Iggy Pop: Roadkill Rising…The Bootleg Collection: 1977-2009

Music Reviews Iggy Pop
Iggy Pop: Roadkill Rising…The Bootleg Collection: 1977-2009

Iggy Pop has had a few retrospectives in his career, none of them especially persuasive. At a mere 17 tracks, the single-disc Nude & Rude in 1996 proved so cursory as to be insulting: No “TV Eye”? No “Your Pretty Face Is Going to Hell”? Seriously? Nine years later, A Million in Prizes more than doubled the tracklist, but it still sounded like a superficial dip into his rich catalog, with too much obligatory emphasis on his late-career duds. Despite so many excellent songs, Pop simply may not be a musician who lends himself to that sort of retrospective.

In fact, he is neither a singles artist nor an albums artist, although he’s excelled in both formats. Instead, his most lasting contributions have been as a live act, with a larger-than-life stage persona that stopped just short of self-annihilation. From his early peanut-butter-and-cock days through his latter days as punk’s leather-skinned éminence grise, Pop has sought and destroyed like the most volatile frontman in rock history.

Shout! Factory’s new four-disc Roadkill Rising already has a leg up on previous career retrospectives, and not simply because it quadruples Nude & Rude and doubles A Million in Prizes. It gets Pop out of the studio, where he was never truly at home, and onto the stage, where all his animal urges exploded. This is Pop in his true element—onstage, half-naked, presumably with a foodstuff smeared across his person. He makes Jim Morrison look like Art Garfunkel.

Roadkill Rising covers 66 songs from throughout his 40-year (!) career, with each disc representing a different decade.

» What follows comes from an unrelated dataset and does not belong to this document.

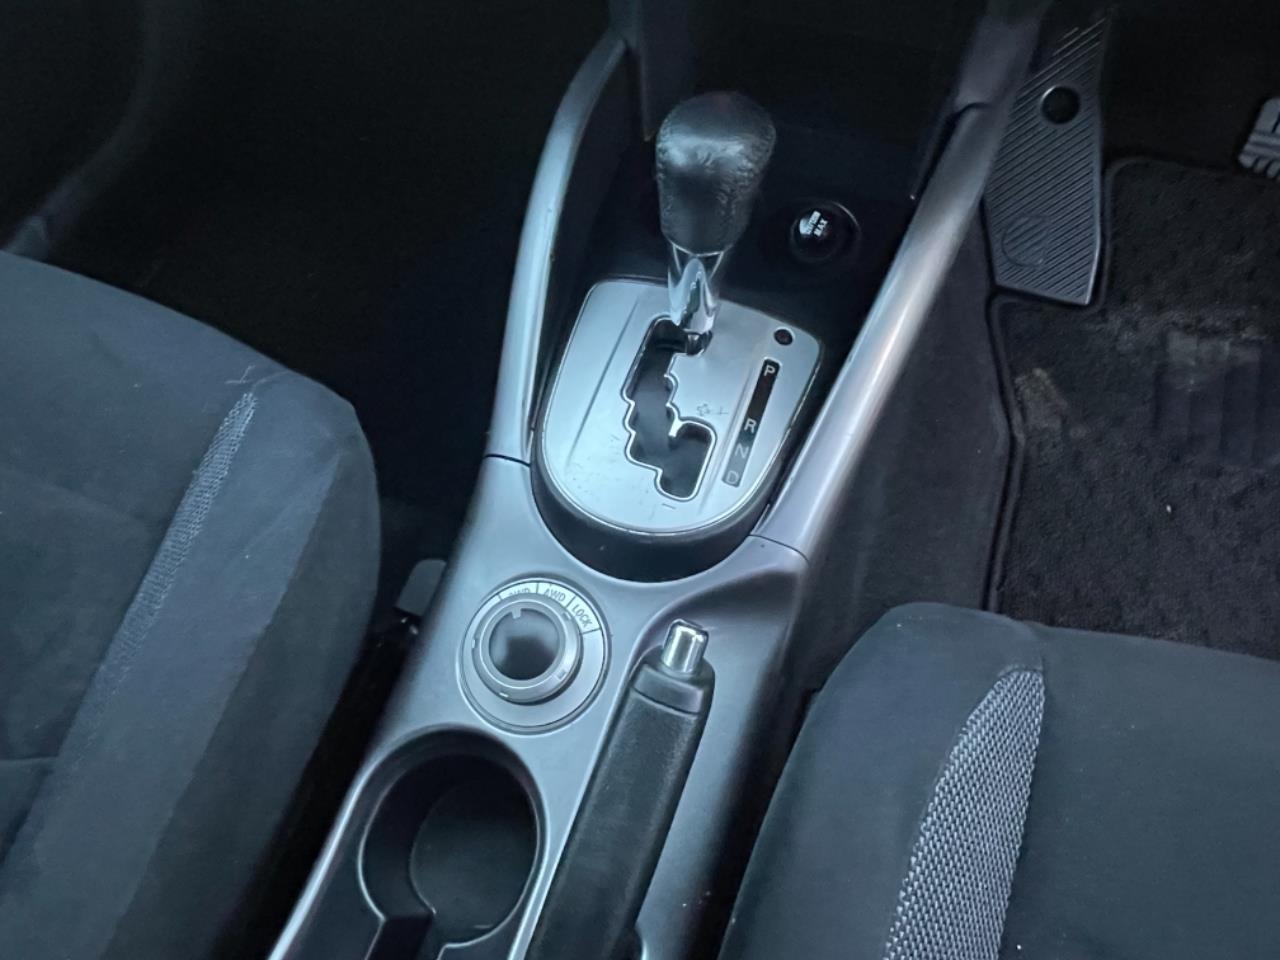 image-12, 2007 Mitsubishi Outlander 24G 4WD 7-Seater at Christchurch

It’s unwieldy, sure, but the set has the breadth to dig deep into his catalog, which makes it no mere hits collection but something like a primary-source chronicle of his career. At a time when “Lust for Life” has been used to sell cruises, that’s hugely refreshing.

Of course, the set starts strong, and of course it gets a bit spotty in the ‘90s and the ‘00s. Pop came along like a scourge in the late ‘60s, and that momentum carried him through the ‘70s and much of the ‘80s. He howls through his early Stooges material (“Raw Power,” “Search and Destroy”) and guts covers of the Kinks and Them; “Louie Louie” becomes just as subversively profane as the FBI always thought it was.

What’s more impressive is his interaction with his audiences over the years. Pop’s performances are communal; he wants his fans intimately involved with his visceral exorcisms. Those are, in fact, stage-diving fans singing with him on “My Idea of Fun.” But it wasn’t all abandon and anarchy; even Pop had rules of etiquette. When he wants to sing a quiet song like “One for My Baby (And One More for the Road),” you better shut up and let him sing. How his tirade against a group of disruptive fans in Detroit didn’t end in fisticuffs is a minor miracle of restraint. Granted, he most likely chose that song to taunt the audience.

Perhaps the most surprising revelation on Roadkill Rising is that the material may go downhill, but Pop does not. “Skull Ring” will never be considered among his best songs, but this take, recorded in DC in 2007, actually surpasses the studio version, if only by sheer force of will. He has to work harder to put some of these songs across, but that at least means he doesn’t descend into self-parody—at least not until the French-pop travesties from 2009’s Préliminaires. Give him credit for stretching, but he’s no Serge Gainsbourg.

Despite that odd finale, Roadkill Rising is Pop’s best career retrospective to date, and quite possibly the best we can hope for. Together, these four discs portray him as an artist who never wavered in his belief in the stage as a place of ultimate freedom, where standard inhibitions and courtesies do not apply.